The particular case the following fixes can be seen in
gcc.dg/vect/bb-slp-57.c is the case where we are replacing an
existing loop closed PHI argument.
Bootstrap and regtest running on x86_64-unknown-linux-gnu, will push
after that succeeded. I'm also considering backporting to at least
GCC 15 after a while (code gen for gcc.dg/vect/bb-slp-57.c is really
awful w/o this fix).
PR tree-optimization/98064
* tree-vect-loop.cc (vectorizable_live_operation): Do
not restrict replacing uses in a LC PHI.
* gcc.dg/vect/bb-slp-57.c: Verify we do not keep original
stmts live.
---
gcc/testsuite/gcc.dg/vect/bb-slp-57.c | 1 +
gcc/tree-vect-loop.cc | 45 ++++++++++++++++-----------
2 files changed, 28 insertions(+), 18 deletions(-)

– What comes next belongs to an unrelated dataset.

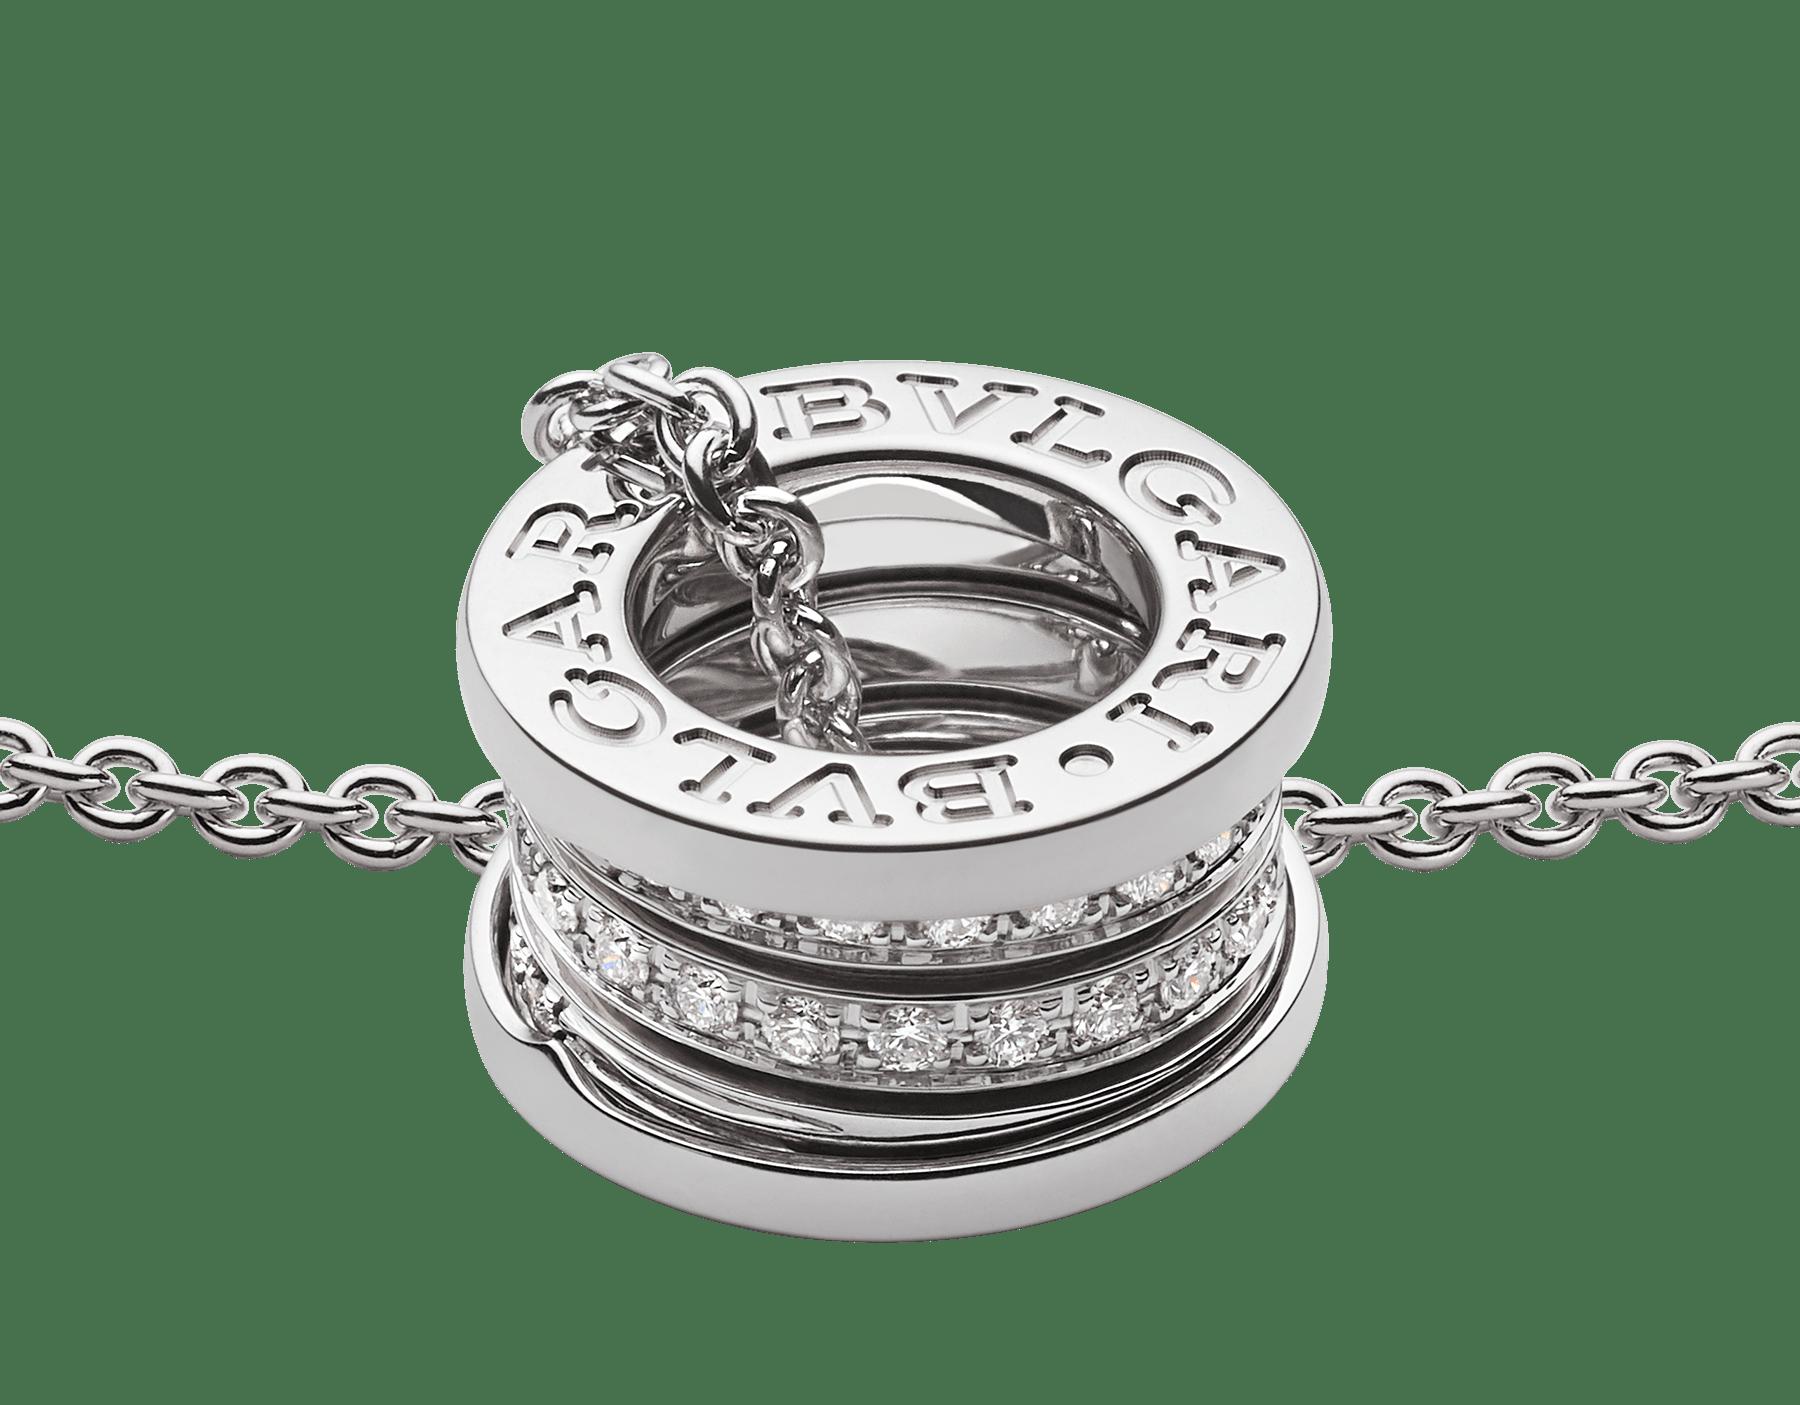 Con la emblemática espiral esculpida con un precioso pavé de diamantes alrededor de una cadena en oro blanco, el collar B.zero1 fusiona su distintivo diseño con la elegancia contemporánea. 352816 image 3

diff --git a/gcc/testsuite/gcc.dg/vect/bb-slp-57.c
b/gcc/testsuite/gcc.dg/vect/bb-slp-57.c
index 6f13507fd67..6633a3092ad 100644
--- a/gcc/testsuite/gcc.dg/vect/bb-slp-57.c
+++ b/gcc/testsuite/gcc.dg/vect/bb-slp-57.c
@@ -36,3 +36,4 @@ void l()
/* { dg-final { scan-tree-dump-times "transform load" 1 "slp1" { target { {
x86_64-*-* i?86-*-* } && lp64 } } } } */
/* { dg-final { scan-tree-dump "optimized: basic block" "slp1" { target { {
x86_64-*-* i?86-*-* } && lp64 } } } } */
+/* { dg-final { scan-tree-dump-not "missed: Using original scalar computation"
"slp1" } } */
diff --git a/gcc/tree-vect-loop.cc b/gcc/tree-vect-loop.cc
index 670a03ea06b..4818a8e88a1 100644
--- a/gcc/tree-vect-loop.cc
+++ b/gcc/tree-vect-loop.cc
@@ -10441,26 +10441,35 @@ vectorizable_live_operation (vec_info *vinfo,
stmt_vec_info stmt_info,
"def\n");
continue;
}
- /* ??? It can also happen that we end up pulling a def into
- a loop where replacing out-of-loop uses would require
- a new LC SSA PHI node. Retain the original scalar in
- those cases as well. PR98064. */
- if (TREE_CODE (new_tree) == SSA_NAME
- && !SSA_NAME_IS_DEFAULT_DEF (new_tree)
- && (gimple_bb (use_stmt)->loop_father
- != gimple_bb (vec_stmt)->loop_father)
- && !flow_loop_nested_p (gimple_bb (vec_stmt)->loop_father,
- gimple_bb (use_stmt)->loop_father))
+ FOR_EACH_IMM_USE_ON_STMT (use_p, imm_iter)
{
- if (dump_enabled_p ())
- dump_printf_loc (MSG_MISSED_OPTIMIZATION, vect_location,
- "Using original scalar computation for "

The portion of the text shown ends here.